How has your definition of customer loyalty evolved in today’s fragmented, multi-channel world?
Loyalty used to be about repeat purchases, but nowadays it’s much more about trust and long-term results. If a customer builds a routine with our brand, that’s real loyalty. In a multi-channel world, trust must be consistent everywhere: online, in-store, in treatments and via customer care. If one touchpoint breaks, trust will erode. Advocacy now feels like the truest signal of loyalty: when customers choose to recommend you, not just repurchase.
How are you using first-party data to drive actionable loyalty strategies rather than just insights?
At Medik8, first-party data allows us to understand a customer’s skincare goals and where they are in their skincare journey, not just what they’ve purchased. We’re focused on using this to drive routine-building and replenishment strategies – for example, prompting customers when they’re likely to run out of Crystal Retinal, or guiding them to the “next step” in their routine. The real value comes when insights are translated into personalised experiences across email, onsite and paid social to feel seamless.
Where is AI genuinely improving personalisation and how do you avoid crossing into being intrusive?

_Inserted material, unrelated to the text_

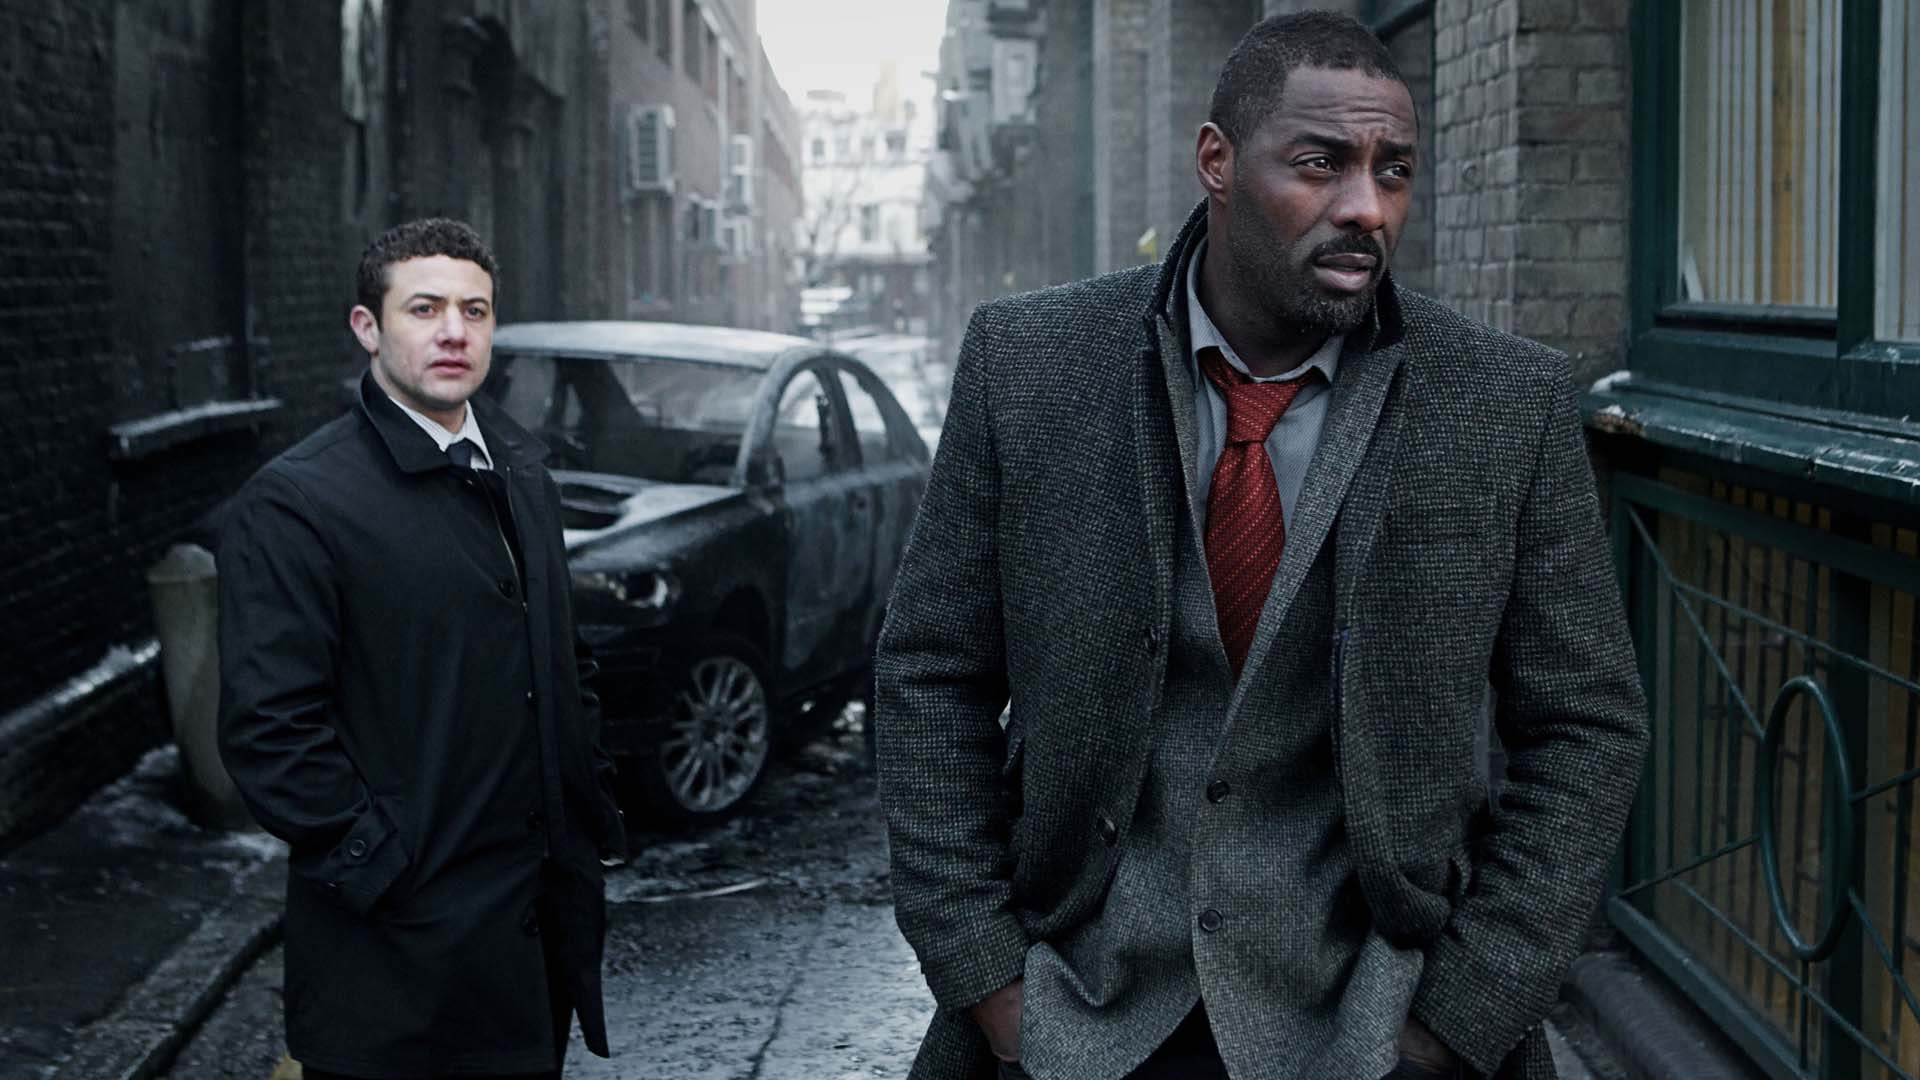 TV Show Luther HD Wallpaper | Background Image

AI is most valuable when it simplifies decision-making for the customer. In skincare, this means recommending the right products, predictive timing and personalised content. It becomes intrusive when it feels too predictive or overly familiar. AI has also been critical for Customer Care, taking on lower-lift tasks to enable our team to focus on high touch interactions that require human expertise.

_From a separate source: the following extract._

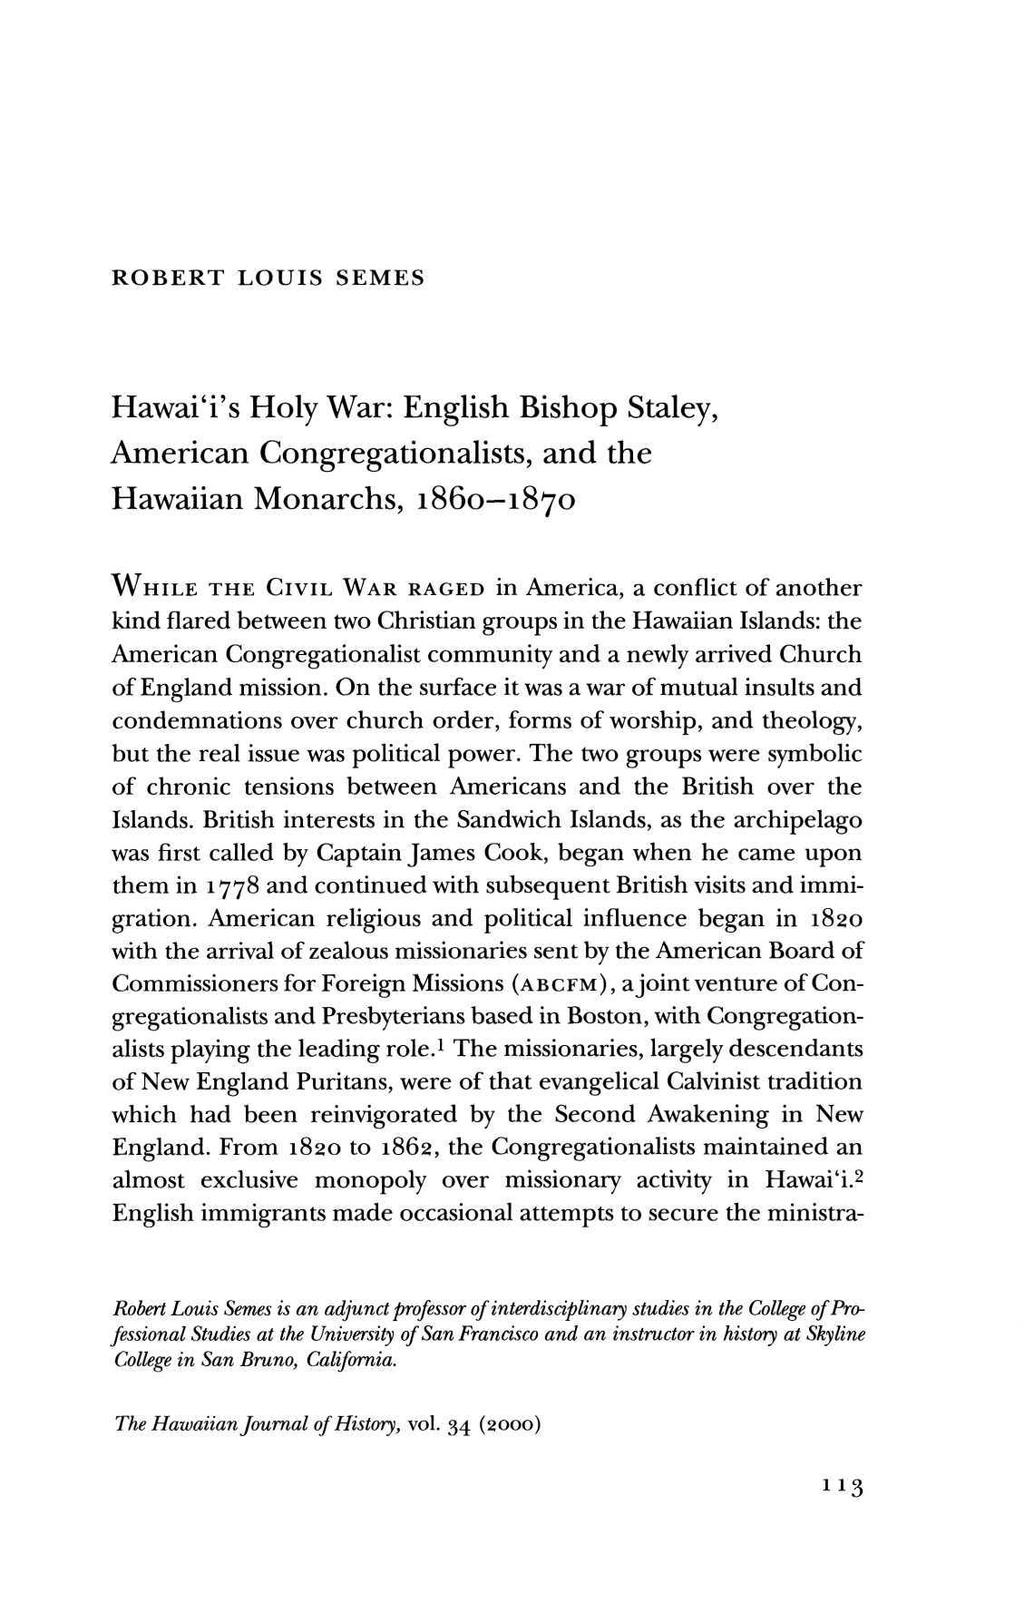 ROBERT LOUIS SEMES Hawai'i's Holy War: English Bishop Staley, American Congregationalists, and the Hawaiian Monarchs, 1860-1870 WHILE THE CIVIL WAR RAGED in America, a conflict of another kind flared

What metrics do you prioritise to measure long-term loyalty and profitability, not just short-term engagement?
We focus on customer lifetime value and retention rate, whilst also looking at advocacy signals such as reviews, sentiment and NPS scores.
What’s been the biggest challenge in modernising your loyalty approach, and how have you overcome it?

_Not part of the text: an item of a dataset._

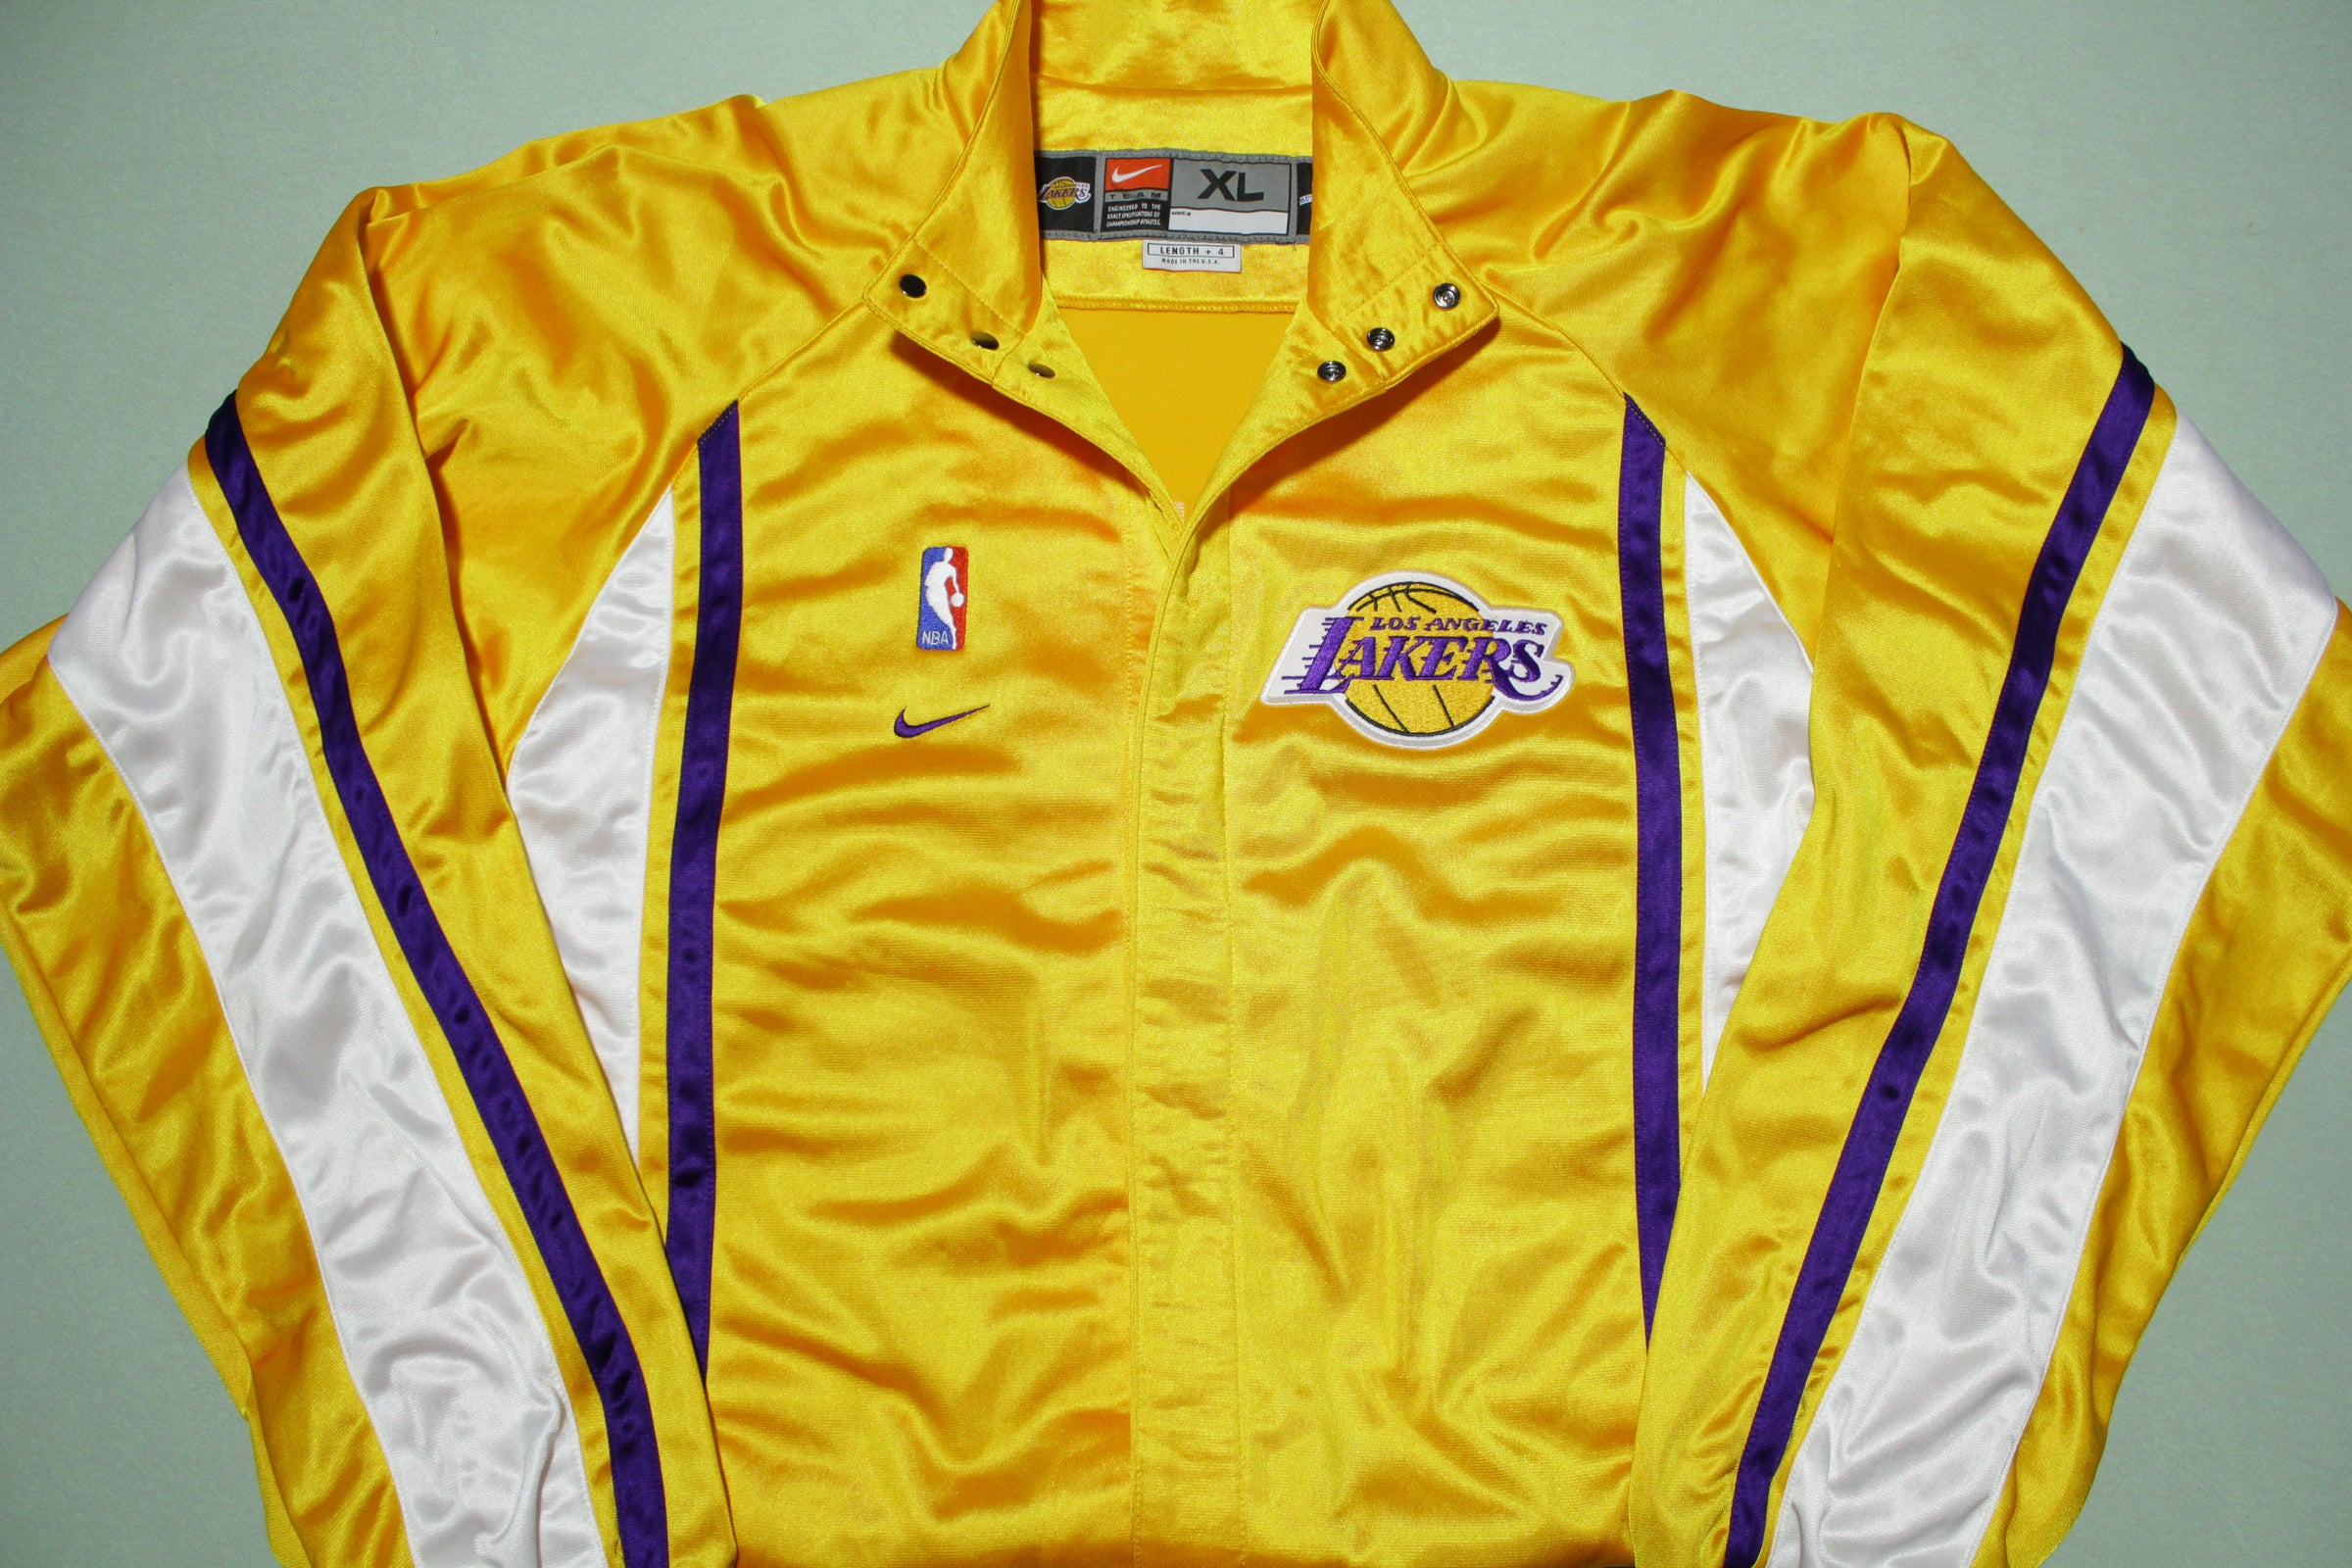 lakers long sleeve warm up

The biggest challenge has been defining a clear point of difference in a very saturated loyalty space. Traditional points-based programmes don’t always reflect the relationship we want to build with our customers. The focus is creating something that feels experience-led, frictionless and genuinely valuable – where there’s a clear value exchange. That means balancing inclusivity with a sense of exclusivity, and ensuring loyalty feels like an extension of the brand experience, not a bolt-on.